# I want to start a hobby.........



## david w. (Aug 6, 2010)

What would be a good hobby for a beginner to do?

Thank you.


----------



## Nicodemus (Aug 6, 2010)

david13 said:


> What would be a good hobby for a beginner to do?
> 
> Thank you.





What in particular are you interested in?


----------



## david w. (Aug 6, 2010)

Nicodemus said:


> What in particular are you interested in?



I like how people on here make lures and knives.It looks like a lot of fun.


----------



## Nicodemus (Aug 6, 2010)

david13 said:


> I like how people on here make lures and knives.It looks like a lot of fun.

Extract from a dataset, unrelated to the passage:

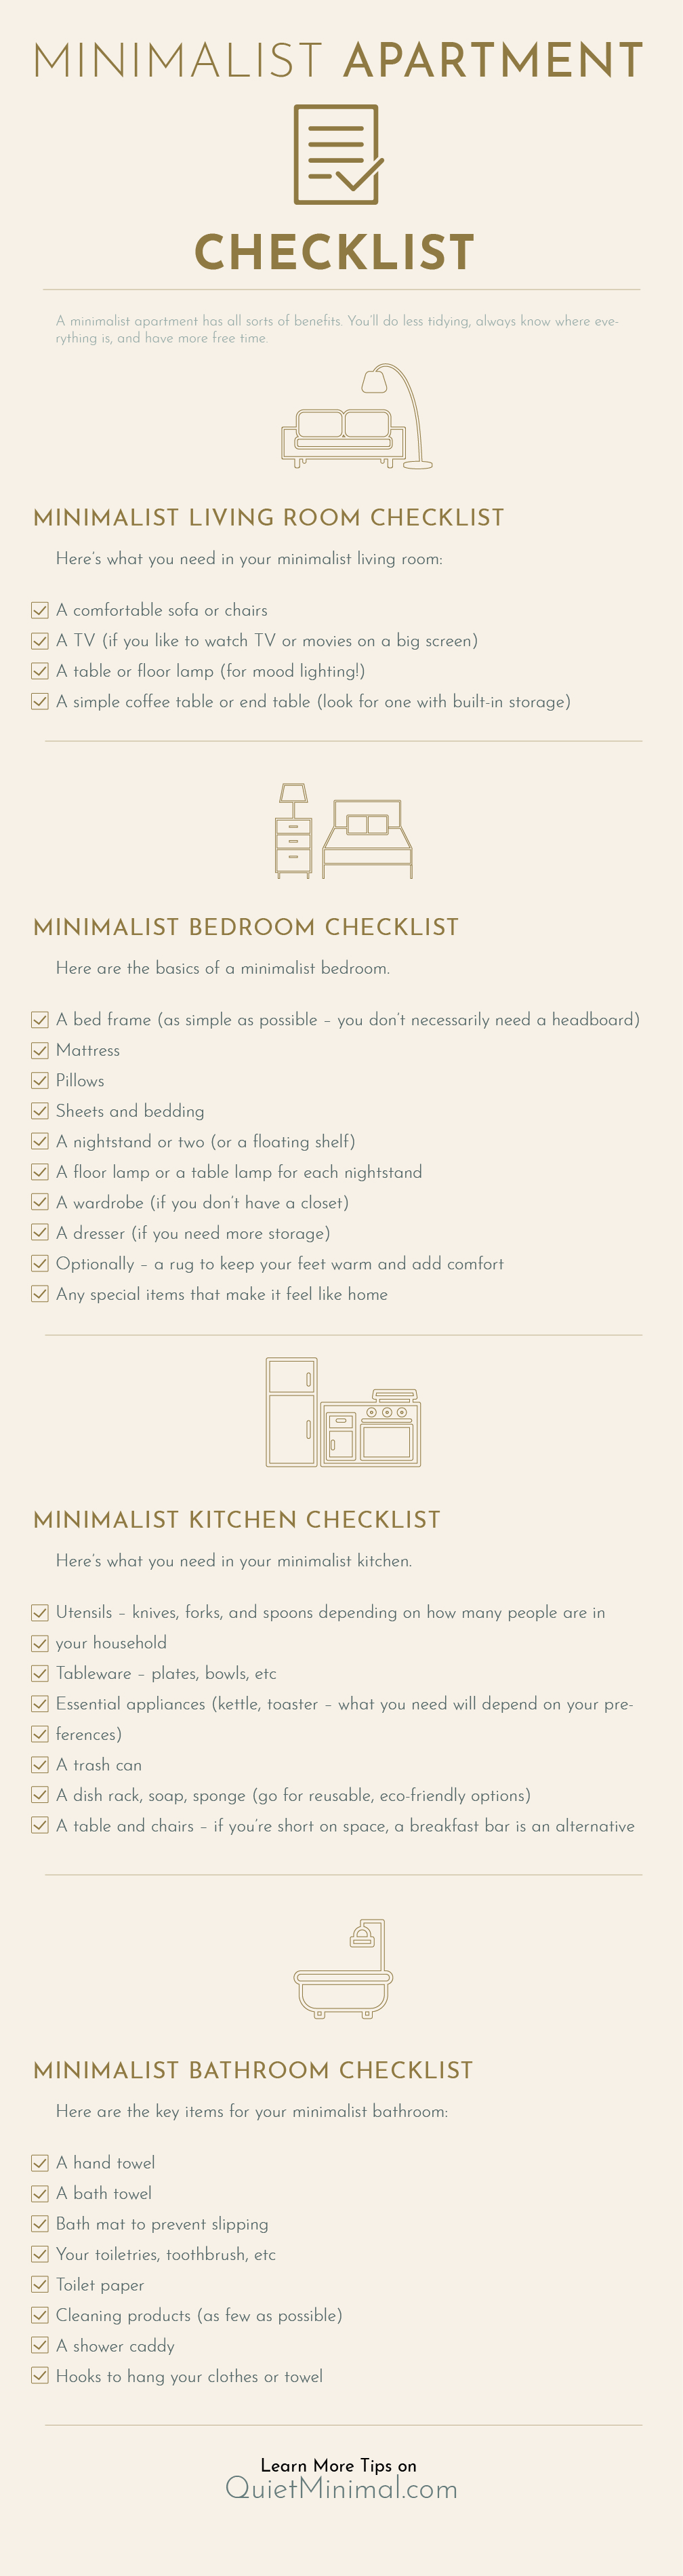 Minimalist appartment checklist
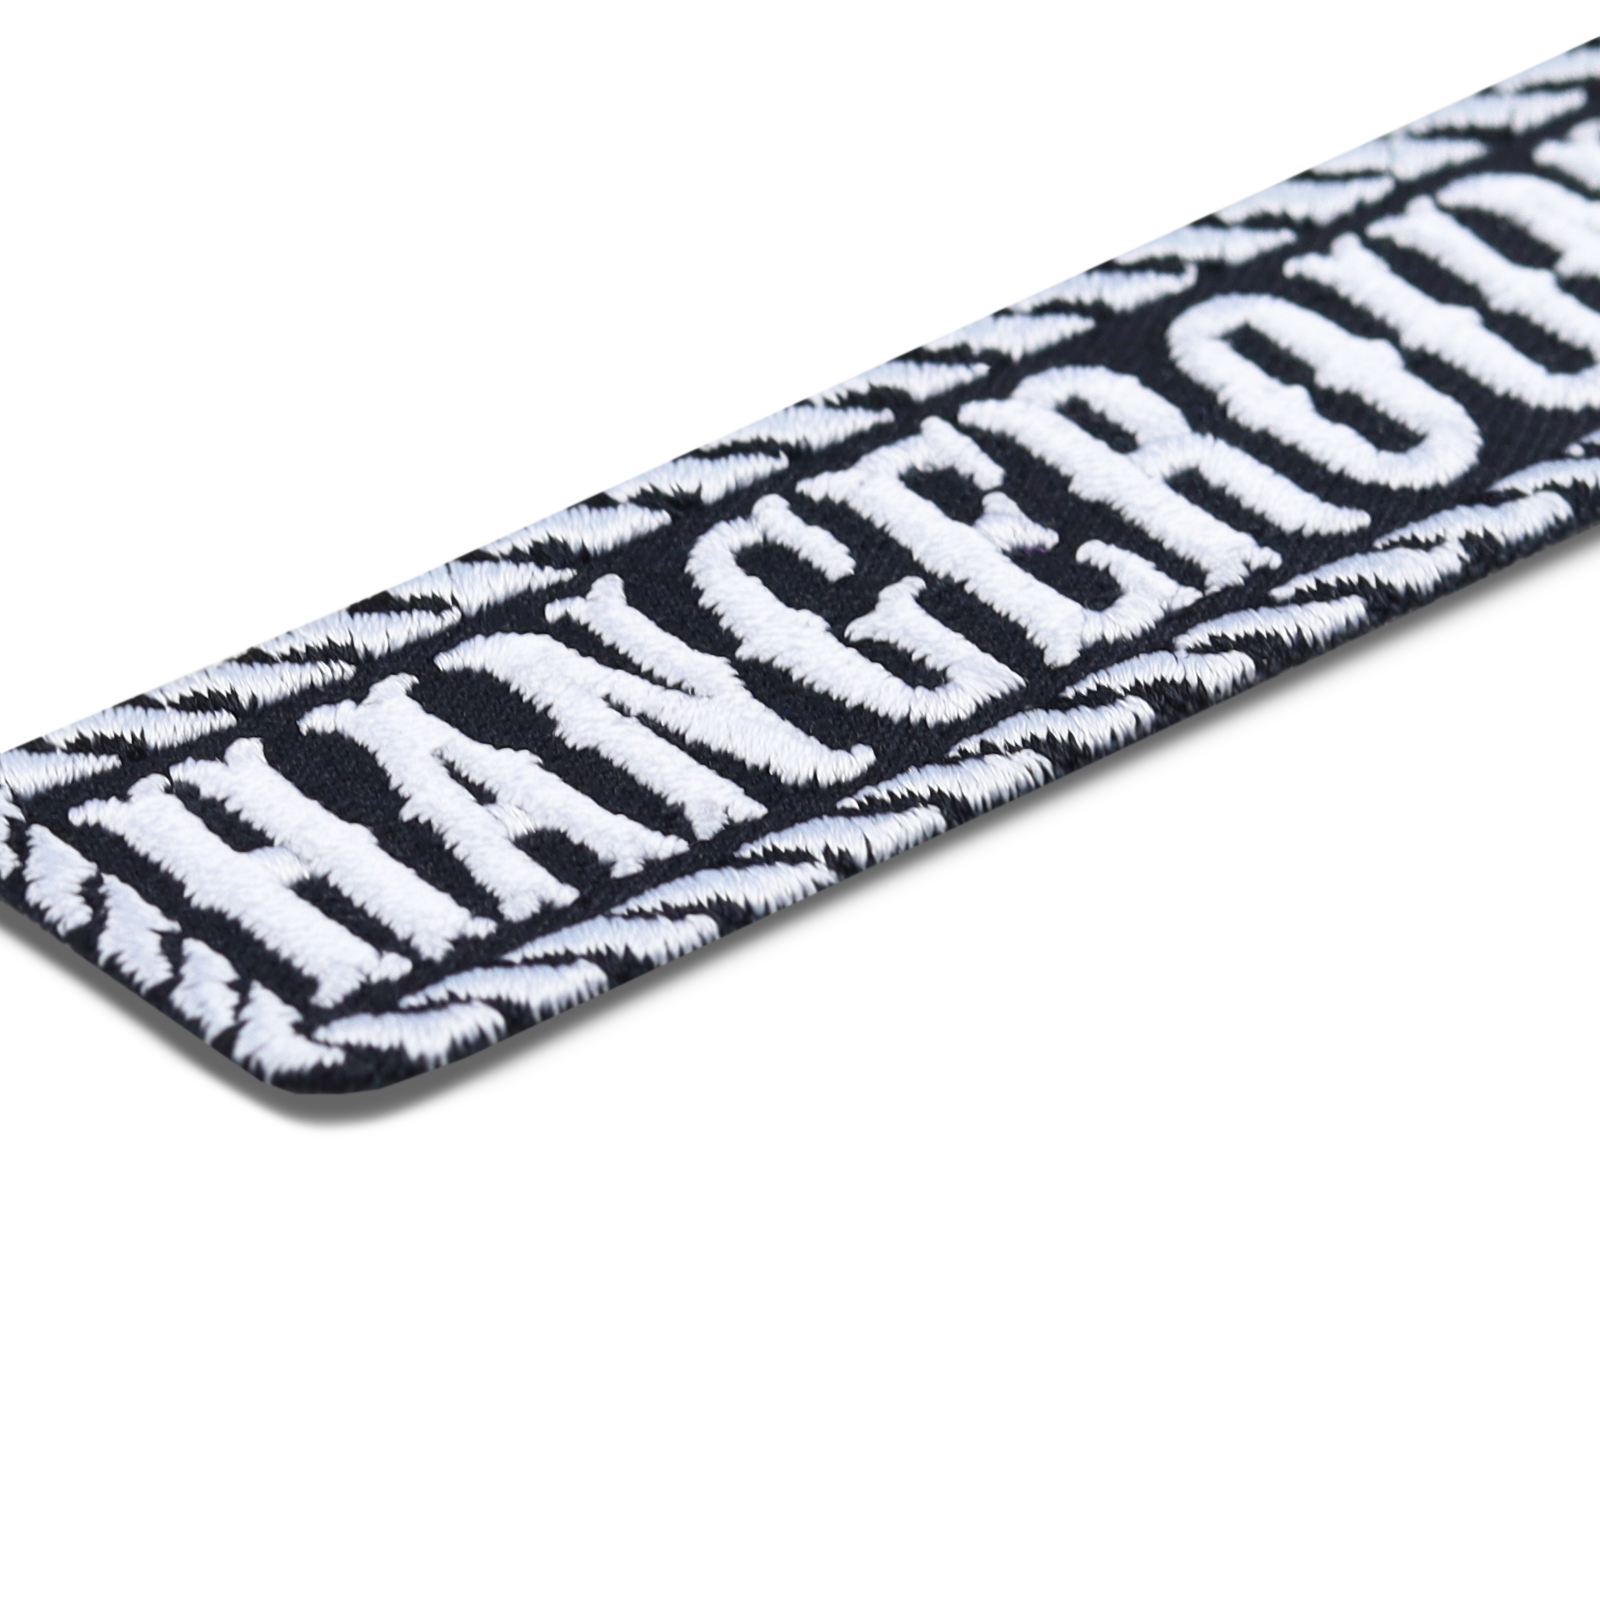 Hangeround - Patch

Send em a PM, expressin` your interest. I bet you`ll get plenty of help.


----------



## 10mmhunter (Aug 6, 2010)

Knapping, least expensive most fun!


----------



## david w. (Aug 6, 2010)

Nicodemus said:


> Send em a PM, expressin` your interest. I bet you`ll get plenty of help.



thanks.


----------



## david w. (Aug 6, 2010)

10mmhunter said:


> Knapping, least expensive most fun!



something legal.


----------



## 10mmhunter (Aug 6, 2010)

Knapping flint, glass, & obsidian is legal!


----------



## david w. (Aug 6, 2010)

10mmhunter said:


> Knapping flint glass & obsidian is legal!



I'm just messing with you.I've looked up some videos online about it.I may have to give it a whirl.


----------



## apoint (Aug 7, 2010)

How about wood turning?


----------



## sniper13 (Aug 8, 2010)

Take up serious turkey hunting.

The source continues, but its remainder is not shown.